TASK TO COMPLETE:
Transcribe the entries below exactly, starting with the line that has "12 Real Madrid" and stopping after the line that has "Hochzeitsfoto-Teneriffa-18.jpg"; no pictures belong in the copy.

LISTED ENTRIES:
'''
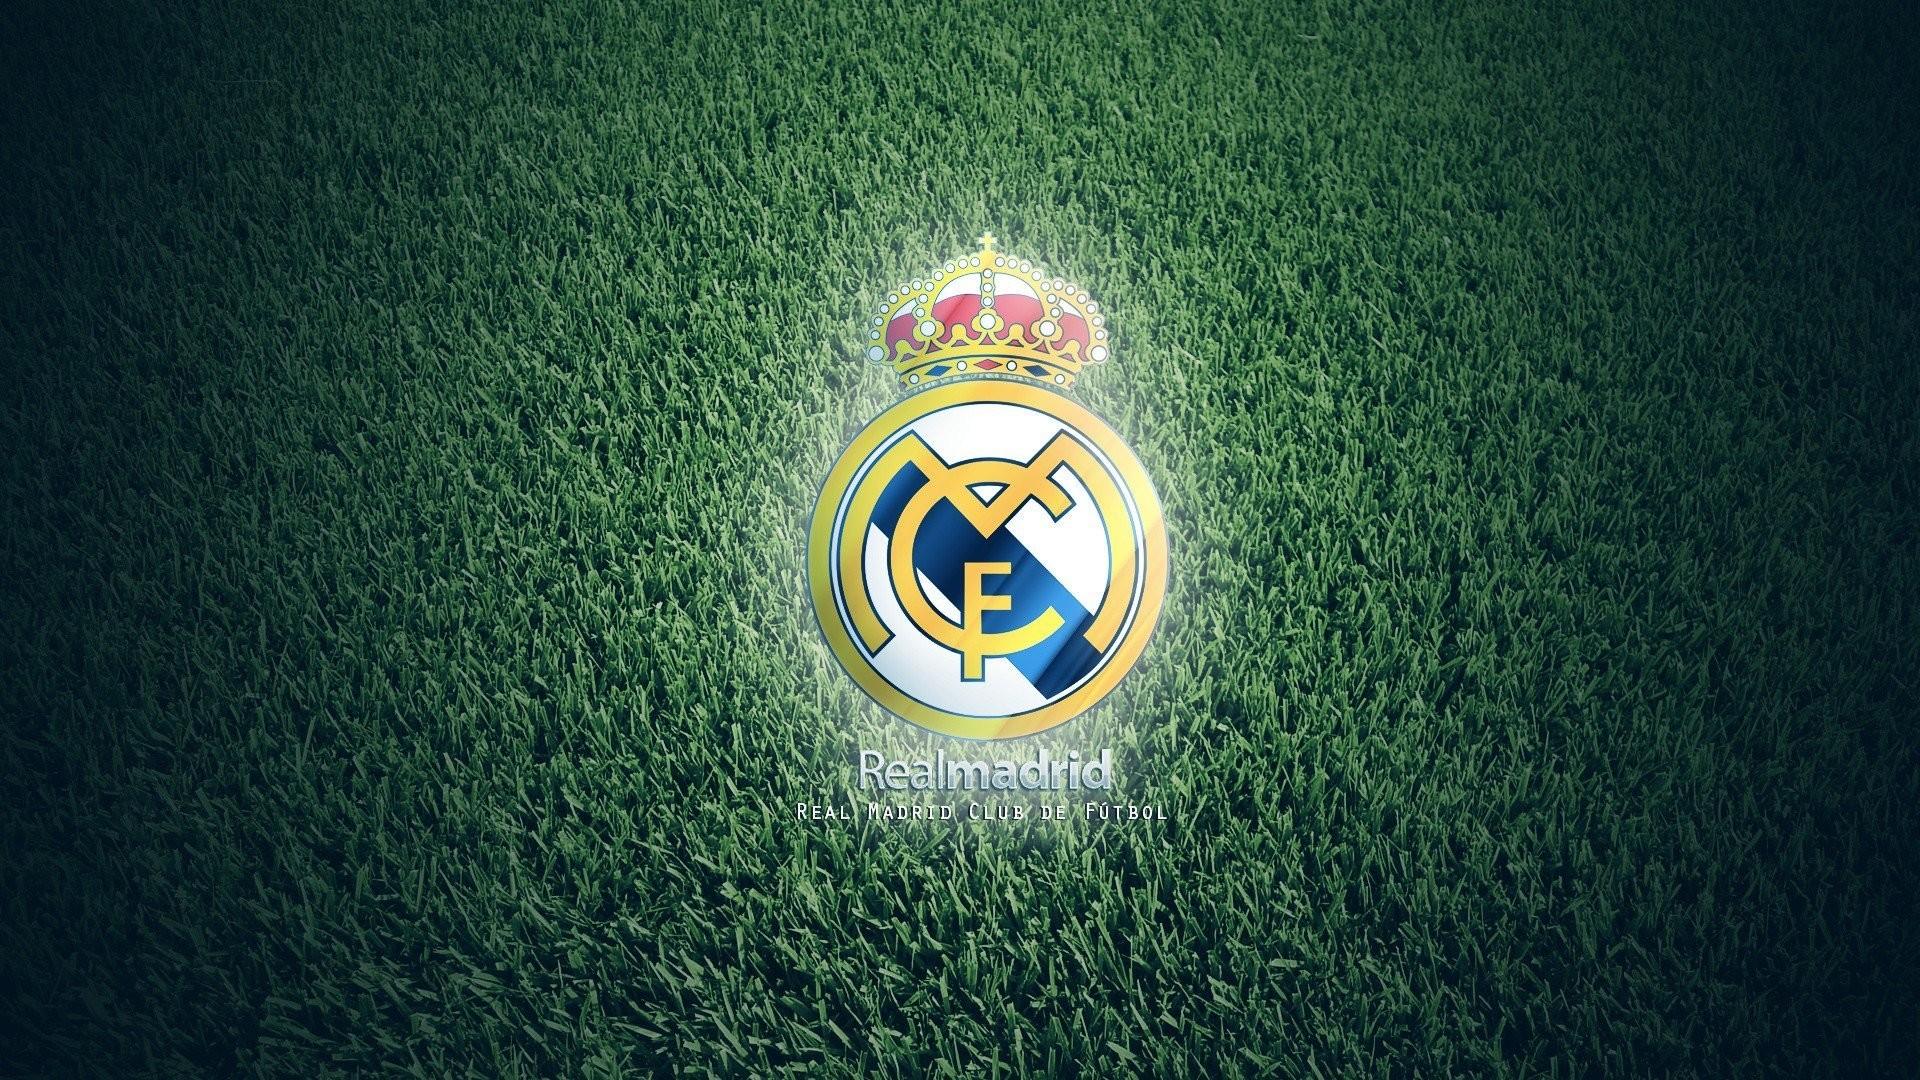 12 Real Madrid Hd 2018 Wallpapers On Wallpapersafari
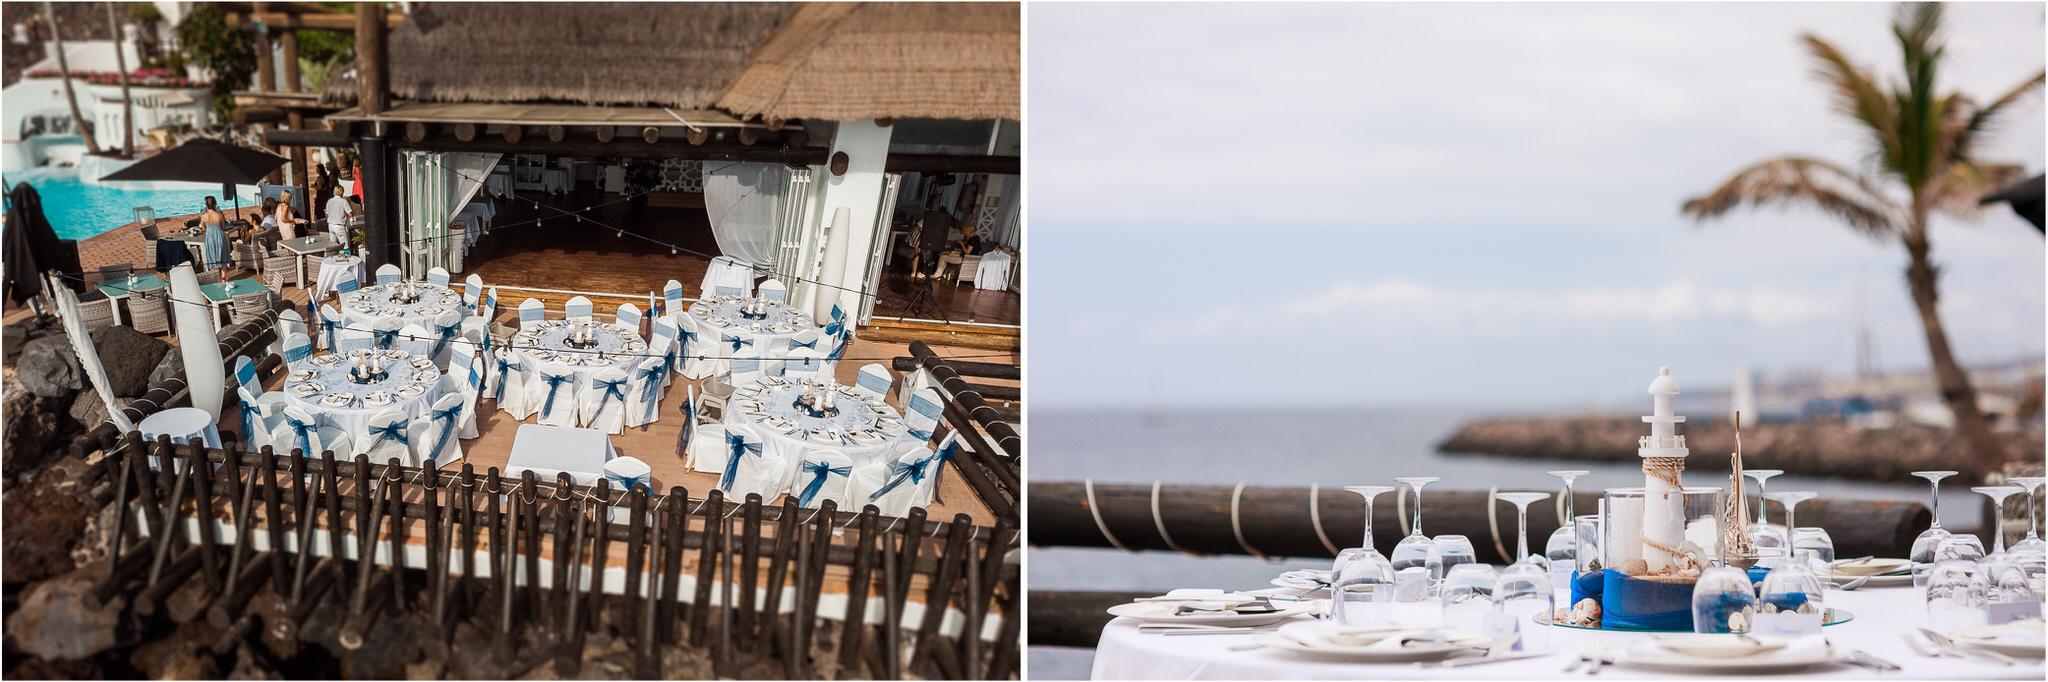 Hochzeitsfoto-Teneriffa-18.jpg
'''
'''
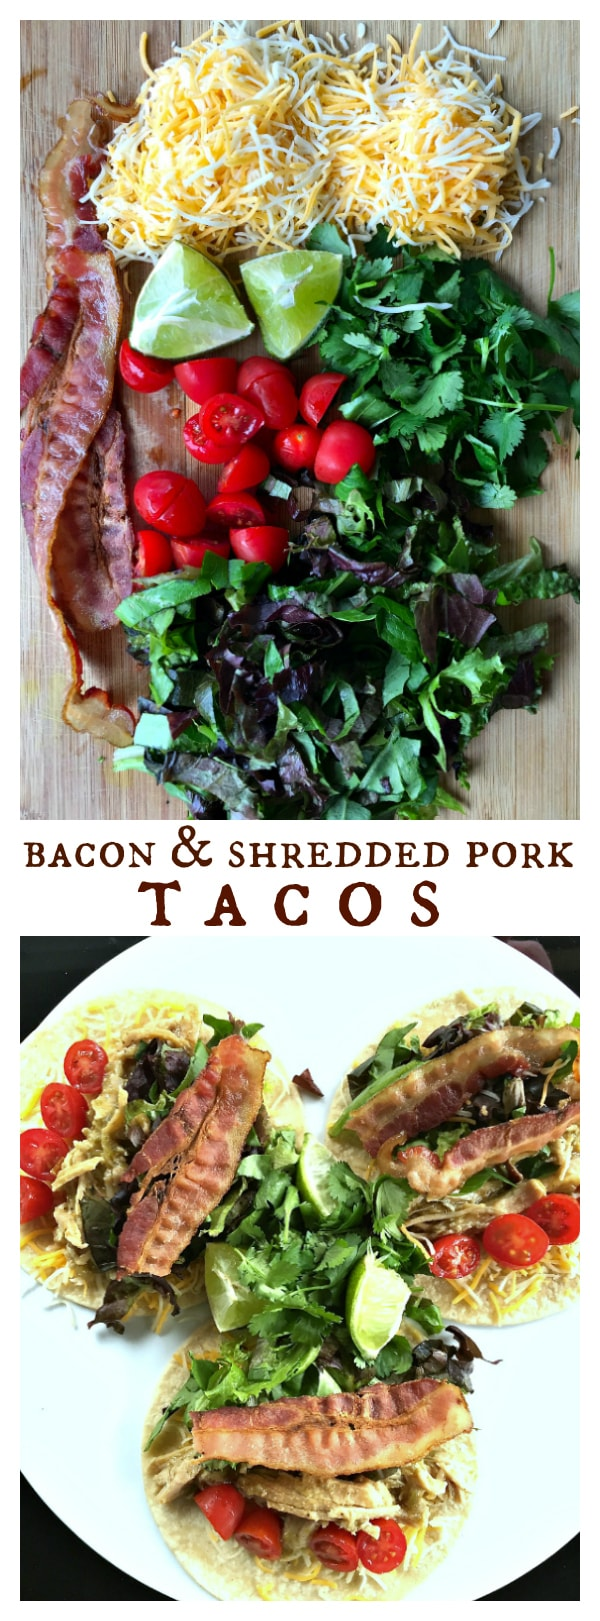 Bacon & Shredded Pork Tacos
'''
'''
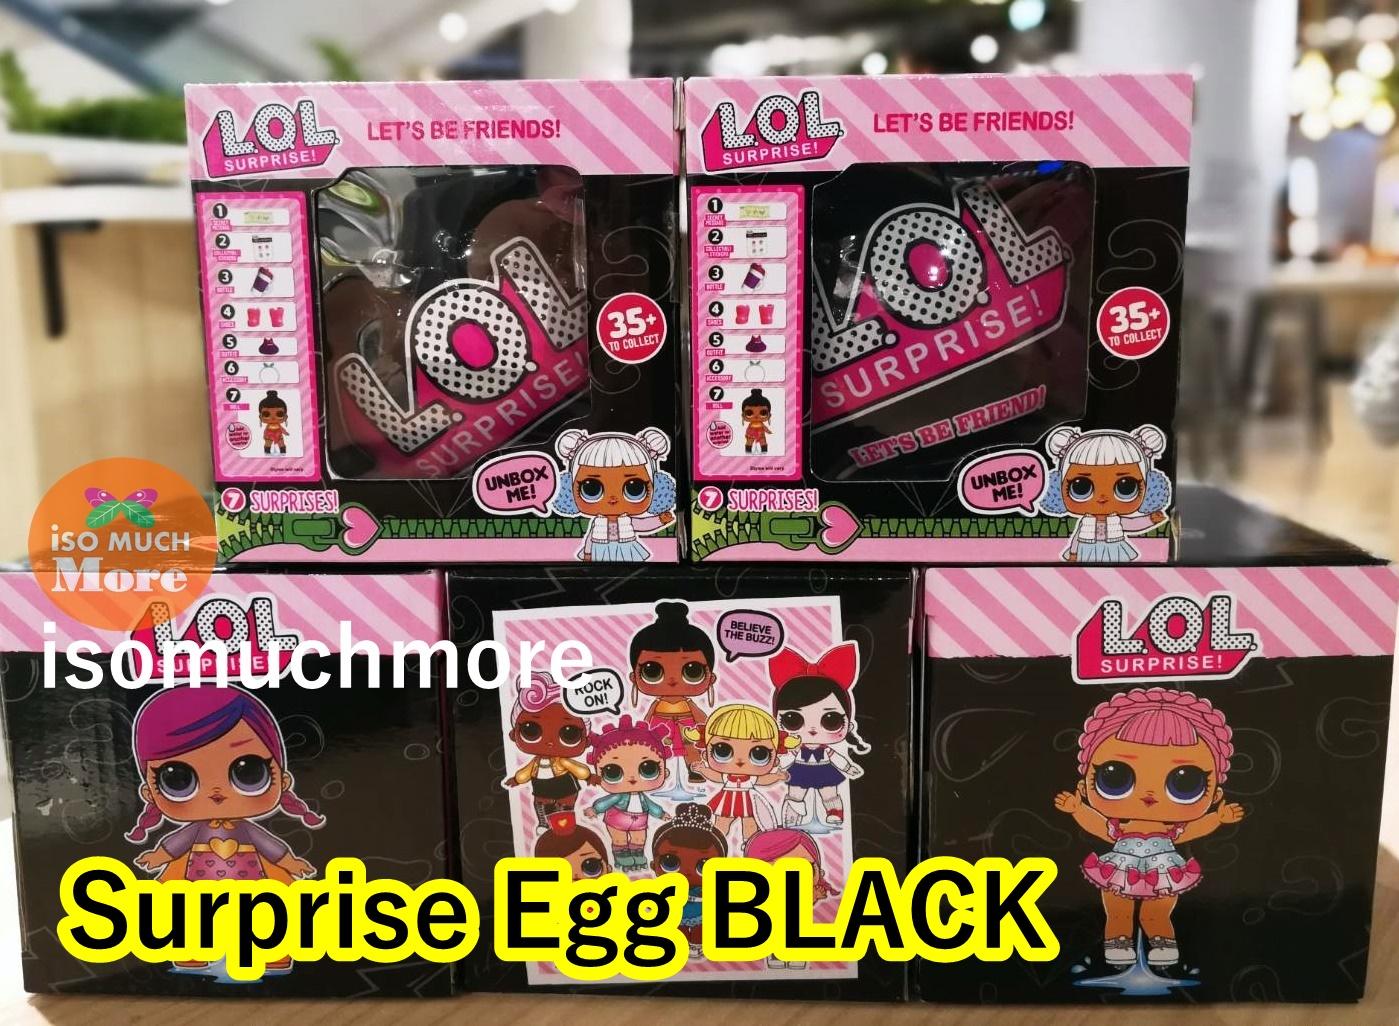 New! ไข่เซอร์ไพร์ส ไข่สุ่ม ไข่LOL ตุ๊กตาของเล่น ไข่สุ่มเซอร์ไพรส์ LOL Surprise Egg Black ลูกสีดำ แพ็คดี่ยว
'''
ANSWER TO THE EXERCISE:
 12 Real Madrid Hd 2018 Wallpapers On Wallpapersafari
 Hochzeitsfoto-Teneriffa-18.jpg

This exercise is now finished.